"Understanding in this context means the transformation of visual images (the input to the retina in the human analog) into descriptions of the world that make sense to thought processes and can elicit appropriate action."
The process of assigning pixels in a remote sensing image to specific land cover or land use categories based on their spectral characteristics, often using machine learning algorithms.
Image preprocessing: The process of enhancing, normalizing, and filtering raw image data to improve its quality and prepare it for further analysis.
Feature extraction: The process of identifying and extracting relevant features (e.g. shape, texture, color) from an image for classification purposes.
Machine learning algorithms: The use of algorithms such as decision trees, random forests, and support vector machines to train models for image classification.
Image classification techniques: The use of supervised and unsupervised classification methods to classify pixels or regions of an image into different categories based on their spectral characteristics.
Spectral signature analysis: The process of creating a spectral signature for each class of interest using spectral bands and vegetation indices, and then using these signatures for classification.
Accuracy assessment: The process of validating the accuracy of a classification by comparing it to ground truth data or other reference datasets.
Remote sensing platforms: Understanding the basics of remote sensing platforms such as satellite and airborne sensors, their limitations and how to select the appropriate platform.
Types of satellite imagery: Understanding the differences between multispectral and hyperspectral images and how to extract useful information from them.
Classification software: Understanding the characteristics and functionalities of different software platforms for image classification, such as ERDAS Imagine, ENVI, and ArcGIS.

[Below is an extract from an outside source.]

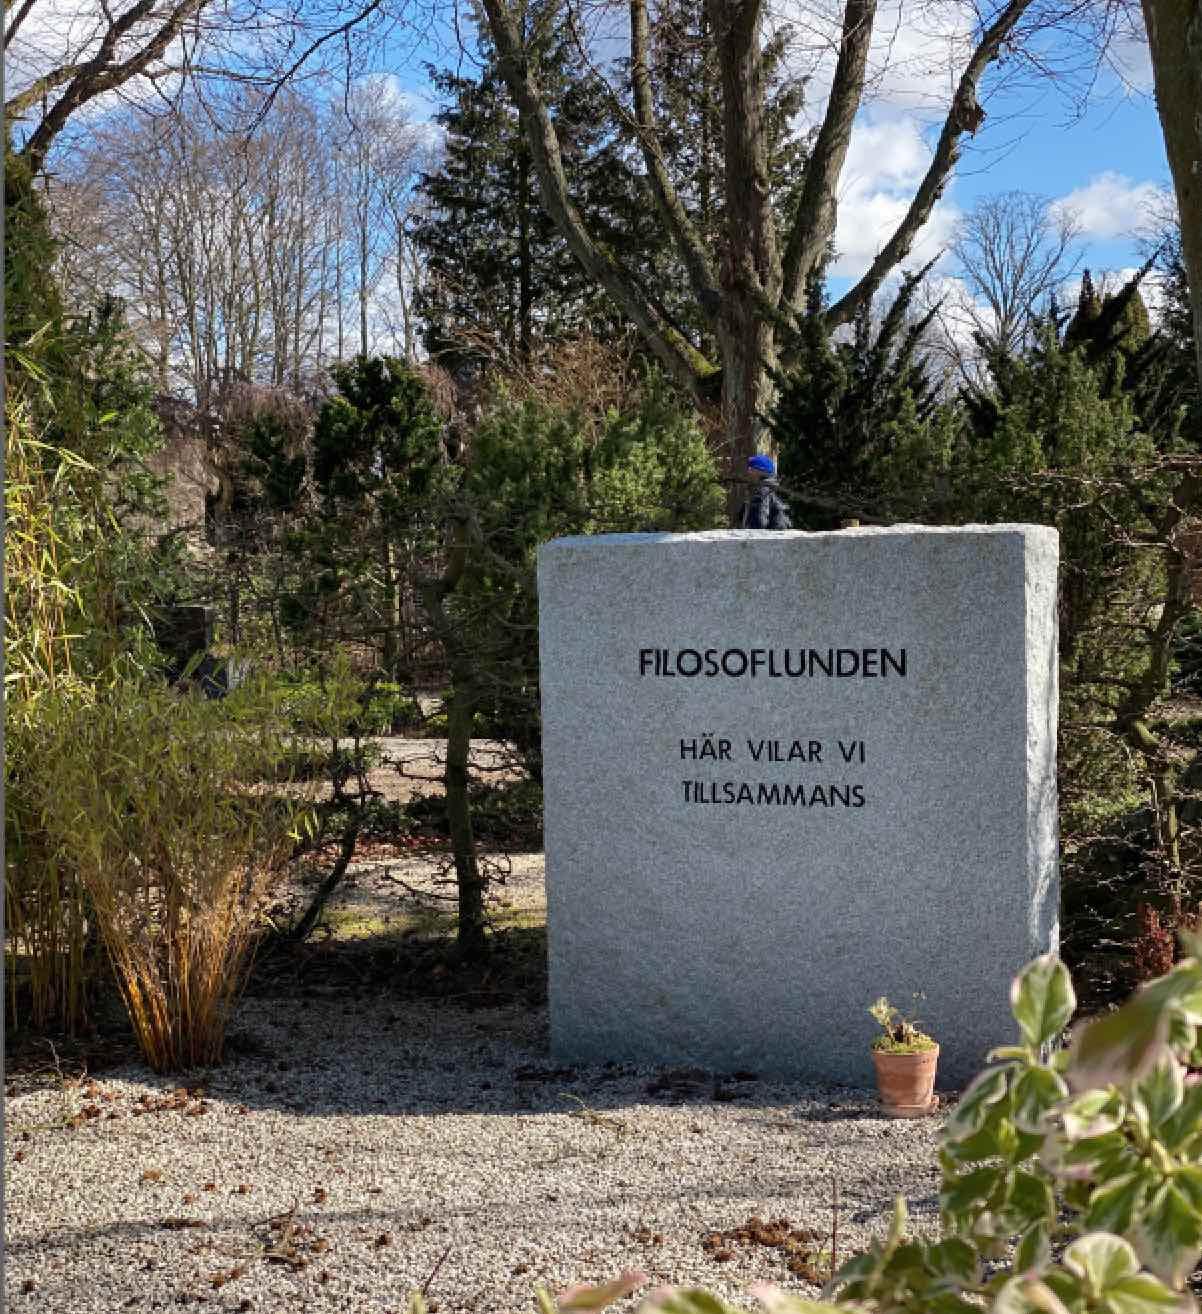 Gravsten - Filosofi, Norra kyrkogården, Lund

Applications of image classification: Understanding the broad range of applications where image classification is used, such as land use/cover mapping, vegetation monitoring, change detection, and disaster management.
Binary classification: This type of classification involves the categorization of an image into two classes, such as land and water.
Multi-class classification: This type of classification involves the categorization of an image into three or more classes, such as forest, water, and urban areas.
Object-based classification: This type of classification involves the identification and delineation of objects or features in an image, such as buildings, vegetation, and roads.
Pixel-based classification: This type of classification involves the classification of individual pixels in an image based on their spectral characteristics.
Feature-based classification: This type of classification involves the use of contextual and ancillary data, such as terrain features, to aid in the classification process.
Rule-based classification: This type of classification involves the use of a set of pre-defined rules to classify an image, such as using certain spectral bands to identify land cover types.
Supervised classification: This type of classification involves the use of ground truth data or training sites to teach an algorithm to classify an image automatically.
Unsupervised classification: This type of classification involves the automatic clustering of pixels in an image based on their spectral characteristics, without the use of ground truth data.
Hybrid classification: This type of classification involves the combination of two or more classification methods, such as object-based and supervised classification.
Deep learning-based classification: This type of classification involves the use of neural networks and deep learning algorithms to classify images based on their features and patterns.
"This image understanding can be seen as the disentangling of symbolic information from image data using models constructed with the aid of geometry, physics, statistics, and learning theory."
"The image data can take many forms, such as video sequences, views from multiple cameras, multi-dimensional data from a 3D scanner, 3D point clouds from LiDaR sensors, or medical scanning devices."
"The scientific discipline of computer vision is concerned with the theory behind artificial systems that extract information from images."
"The technological discipline of computer vision seeks to apply its theories and models to the construction of computer vision systems."
"Sub-domains of computer vision include scene reconstruction, object detection, event detection, activity recognition, video tracking, object recognition, 3D pose estimation, learning, indexing, motion estimation, visual servoing, 3D scene modeling, and image restoration."
"Adopting computer vision technology might be painstaking for organizations as there is no single point solution for it."
"There are very few companies that provide a unified and distributed platform or an Operating System where computer vision applications can be easily deployed and managed."